▸ **What to work on**
Restate all data exactly. No images.

▸ **Dataset section**
=== Section Start ===

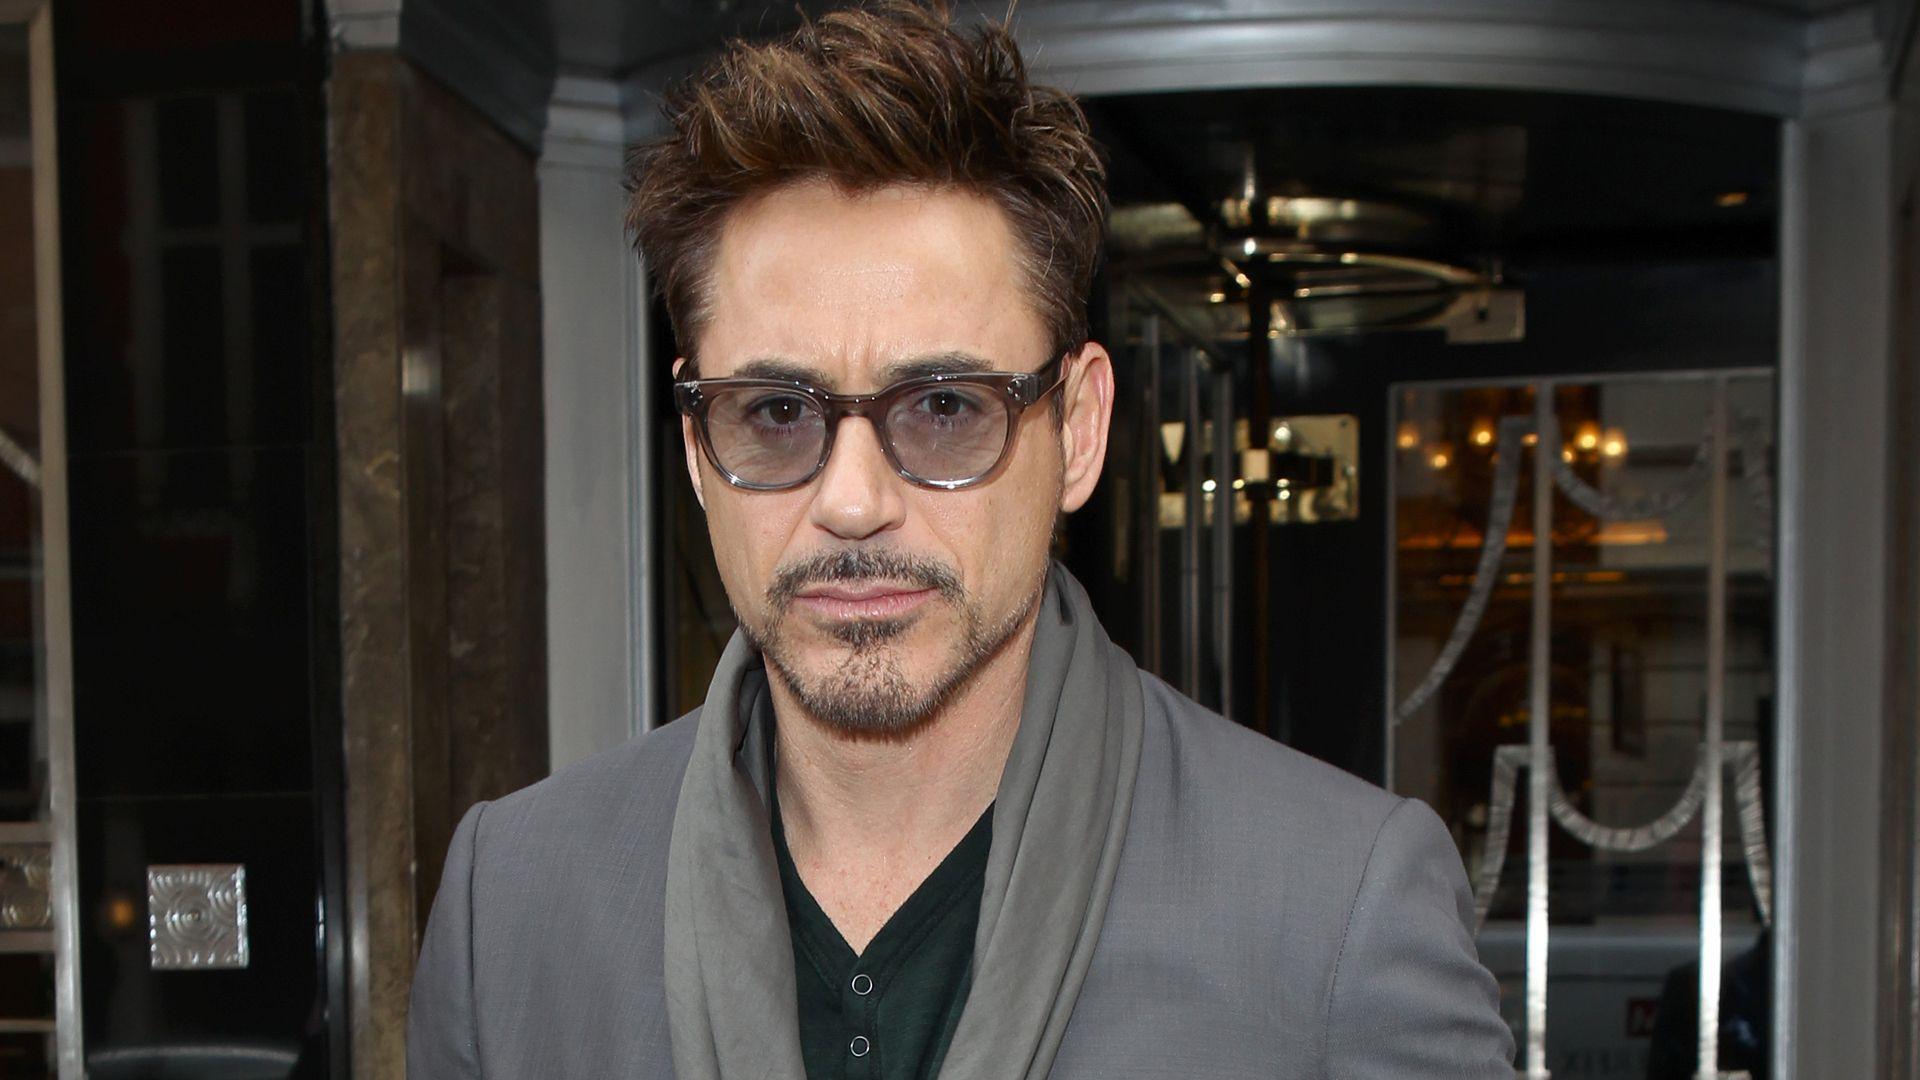 Robert Downey Jr Hd Wallpapers 10 Beautiful Wallpaper Downey
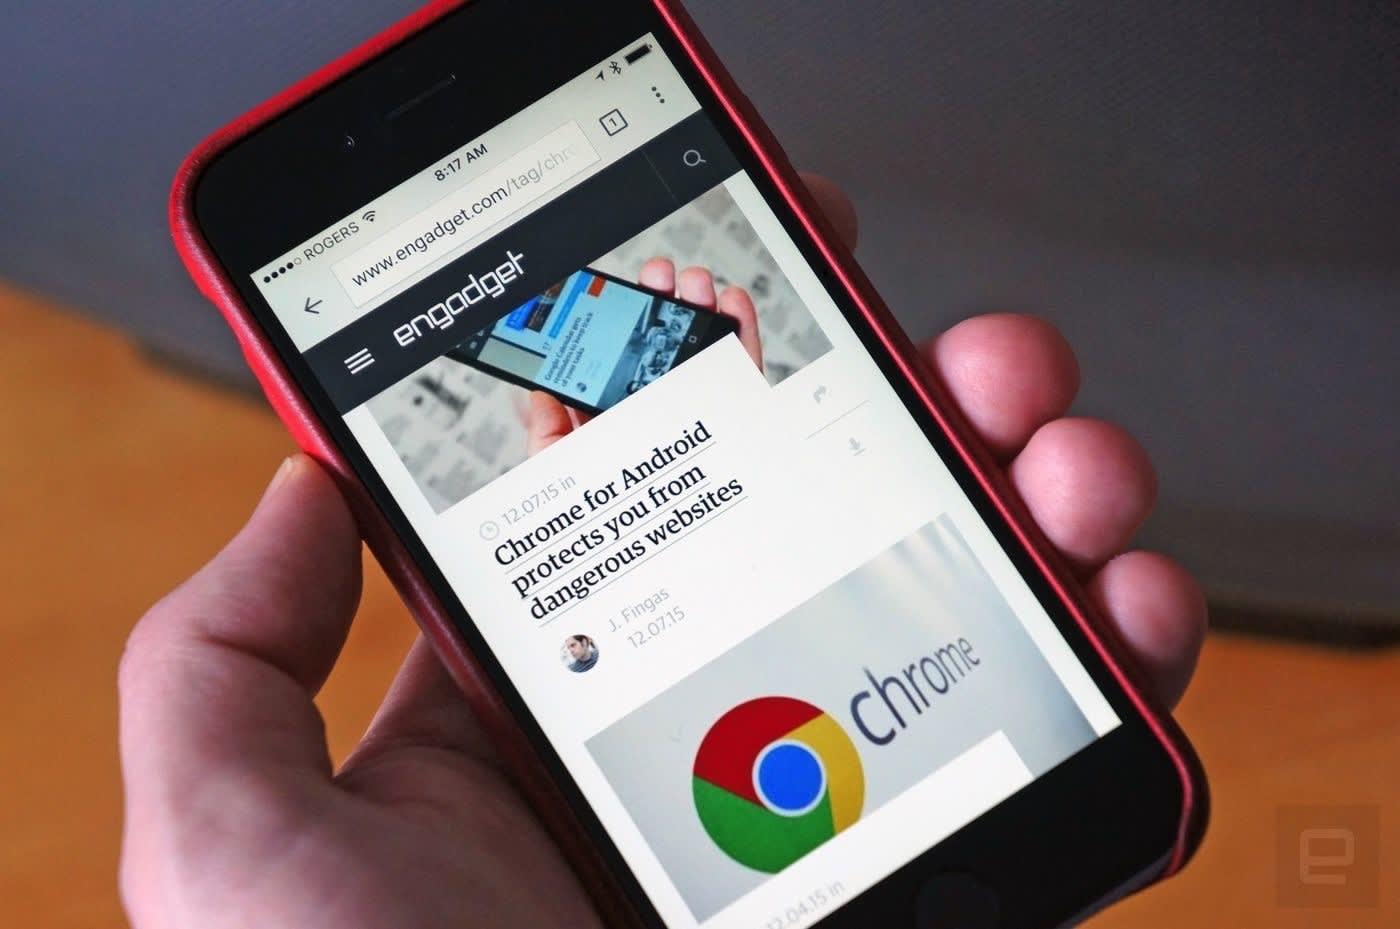 Android Chrome Dark mode
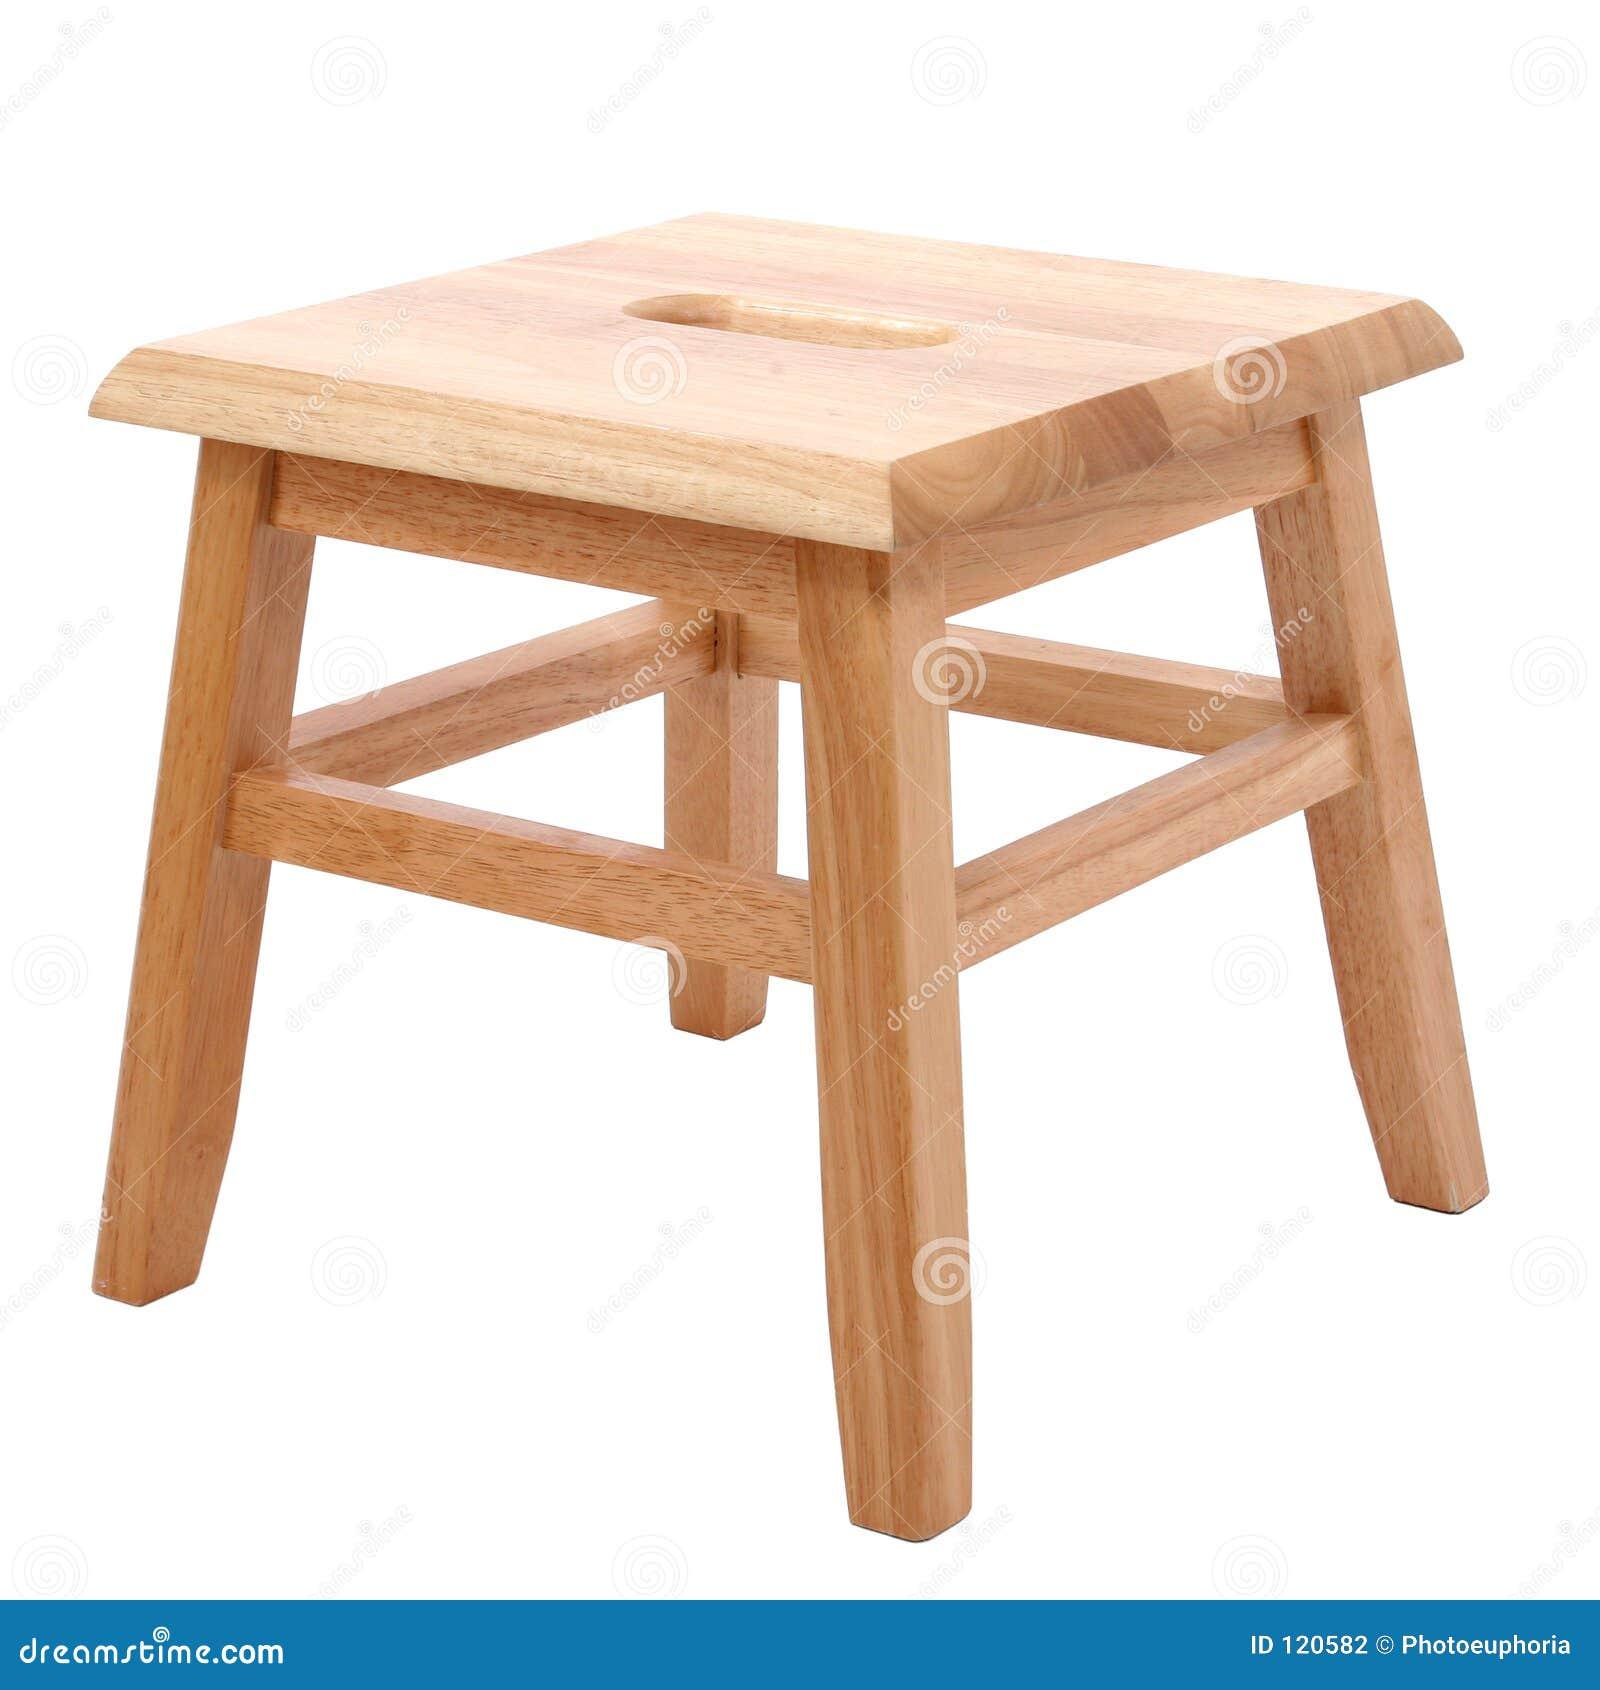 tabouret en bois au dessus de blanc photographie stock image 120582. Black Bedroom Furniture Sets. Home Design Ideas

=== Section End ===

▸ **Result of this exercise**
 Robert Downey Jr Hd Wallpapers 10 Beautiful Wallpaper Downey
 Android Chrome Dark mode
 tabouret en bois au dessus de blanc photographie stock image 120582. Black Bedroom Furniture Sets. Home Design Ideas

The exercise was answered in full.